È morto all’età di 90 anni, Alfio Lanaia. Nome e volto molto noti a Biancavilla per i ruoli pubblici che ha assunto sia in ambito politico che professionale. Esponente della Democrazia Cristiana, fu più volte consigliere comunale. Carica ricoperta dalla fine degli anni ’80 fino alla prima metà degli anni ’90, prima dell’era dell’elezione diretta dei sindaci. In anni successivi, fu anche segretario della Margherita, formazione moderata dello schieramento del Centrosinistra.
Lanaia fu per tanti anni direttore dell’Ufficio Postale di Biancavilla, ruolo che più di ogni altro gli ha permesso di essere a contatto quotidiano con i biancavillesi, che lo apprezzavano per i suoi modi e la sua disponibilità.
Il cordoglio del sindaco Bonanno
Sentimenti di cui si fa interprete il sindaco Antonio Bonanno, nel suo messaggio di cordoglio rivolto alla famiglia: «Per tutta la vita, si è speso con passione e senso civico per la nostra comunità. Lanaia è stato un cittadino esemplare, sempre pronto a mettere la sua esperienza e il suo impegno al servizio del bene comune».

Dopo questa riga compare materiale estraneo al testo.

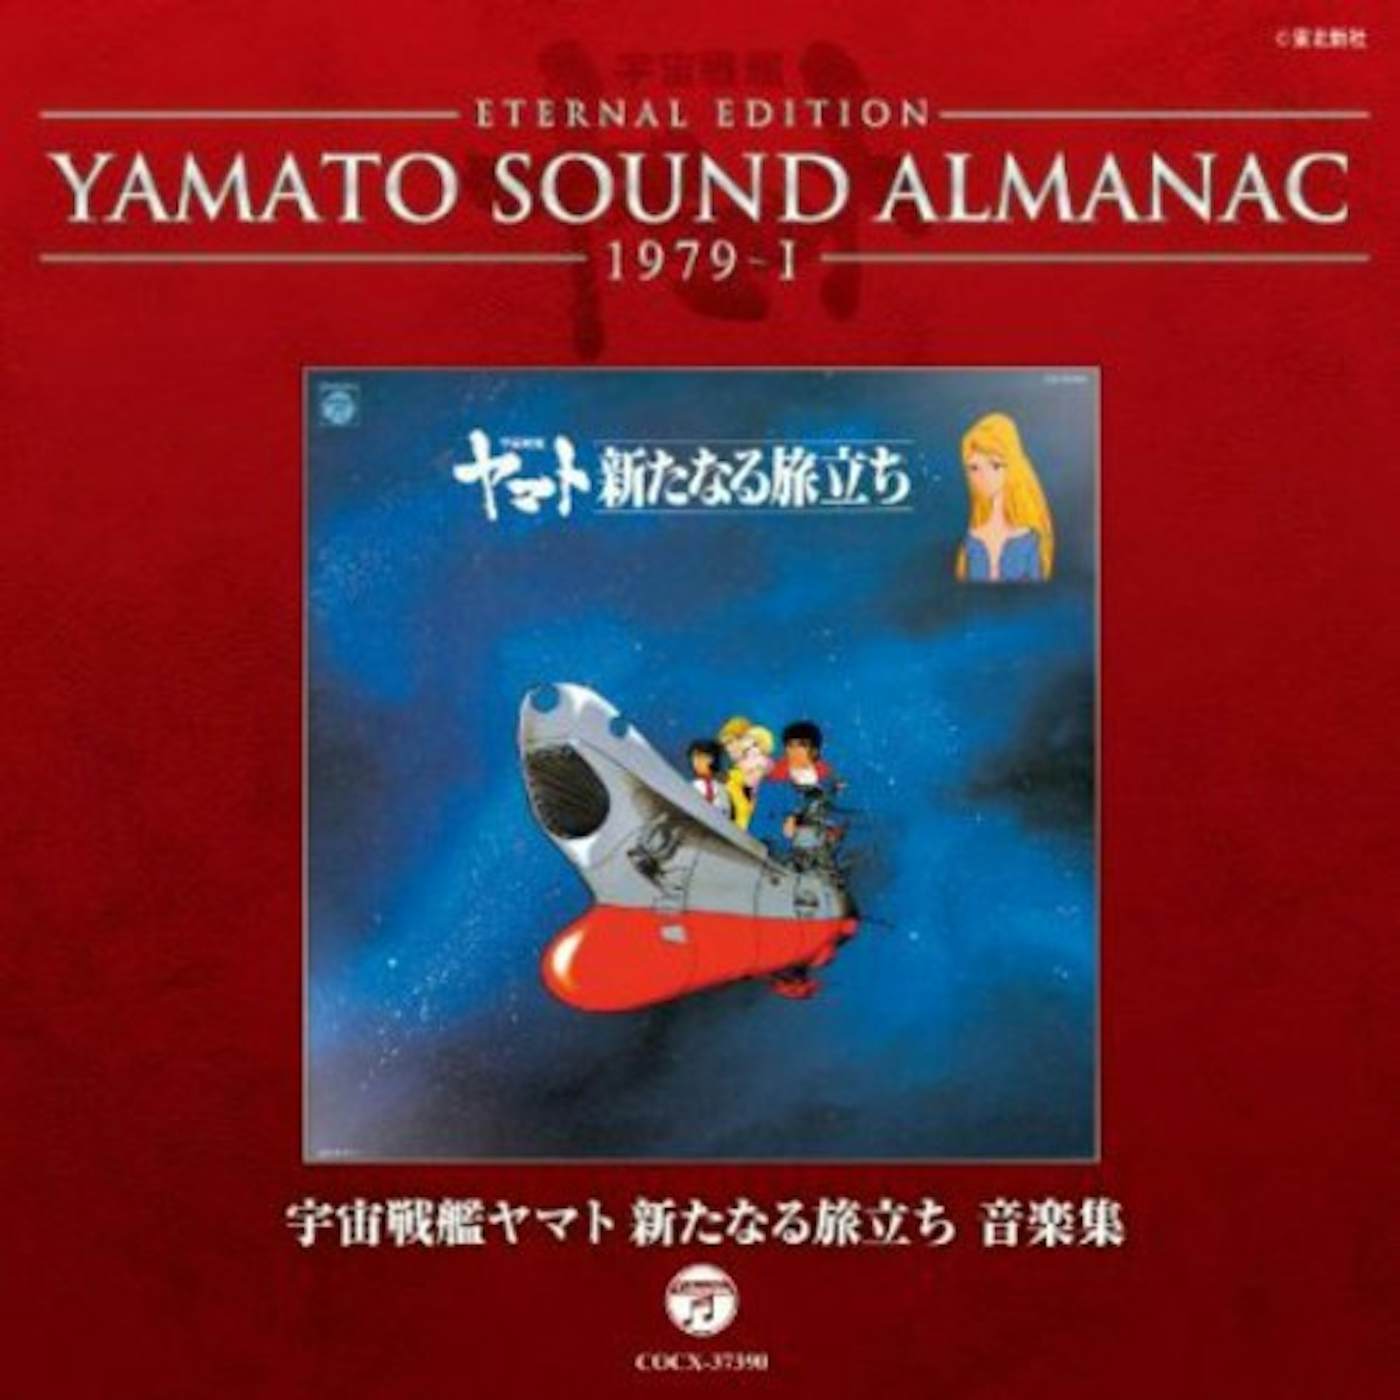 Animation ETERNAL EDITION YAMATO SOUND ALMANAC 1979-1 UCHUU CD

E poi i ricordi personali del primo cittadino: «Lo conoscevo da tanti anni e l’ho sempre apprezzato sul piano umano: per la sua gentilezza, il rispetto verso gli altri, la sobrietà nei toni e nei modi, la disponibilità all’ascolto. Ho sempre stimato il suo modo garbato e deciso di contribuire alla crescita della città con idee, proposte e partecipazione attiva».
«Biancavilla – sottolinea il sindaco – perde una figura perbene, coerente nei valori e attenta al destino della nostra comunità». I funerali sono stati fissati nella parrocchia di San Salvatore, alle ore 16 del 4 settembre.